There is no group significant difference in (A) apparent diffusion coefficient or (B) Heterogeneity Diffusion Imaging (HDI)-derived cellularity fraction between the World Health Organization (WHO) II and III groups. (C) The HDI-derived slow hindered diffusion fraction is significantly higher in the WHO III group as compared with the WHO II group. (D) There is no group significant difference in HDI-derived fast hindered diffusion fraction between the WHO II and III groups. (E) The cerebral blood volume is significantly higher in the WHO III group as compared with the WHO II group. (F) The HDI-derived perfusion fraction is significantly higher in the WHO III group as compared with the WHO II group. Boxes indicate 25th to 75th percentiles, and thin lines indicate 5th and 95th percentiles. *, P < .05.
Fig 6
Fig 6. The associations between dynamic susceptibility contrast-derived cerebral blood volume and Heterogeneity Diffusion Imaging-derived indices.
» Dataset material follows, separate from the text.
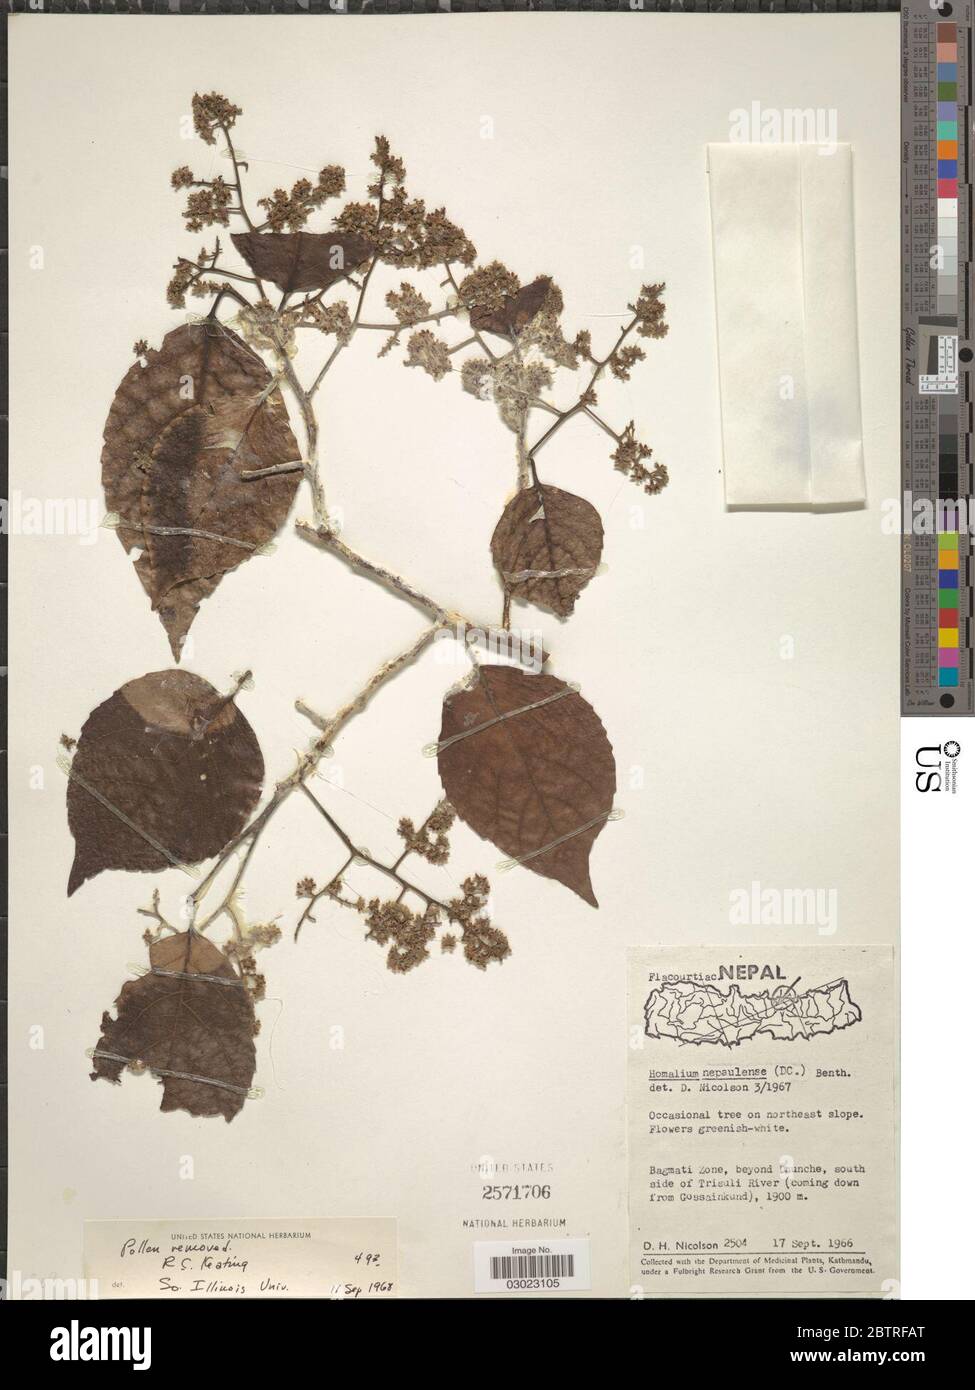 Homalium nepalense Benth. Stock Photo

Scatter plots showing the significant correlations between (A) dynamic susceptibility contrast perfusion imaging-generated cerebral blood volume (CBV) and Heterogeneity Diffusion Imaging (HDI)-derived perfusion fraction and (B) CBV and HDI-derived slow hindered diffusion fraction in all subjects at the tissue sampling regions. No significant correlations were found between (C) CBV and HDI-derived cellularity fraction or (D) CBV and HDI-derived fast hindered diffusion fraction.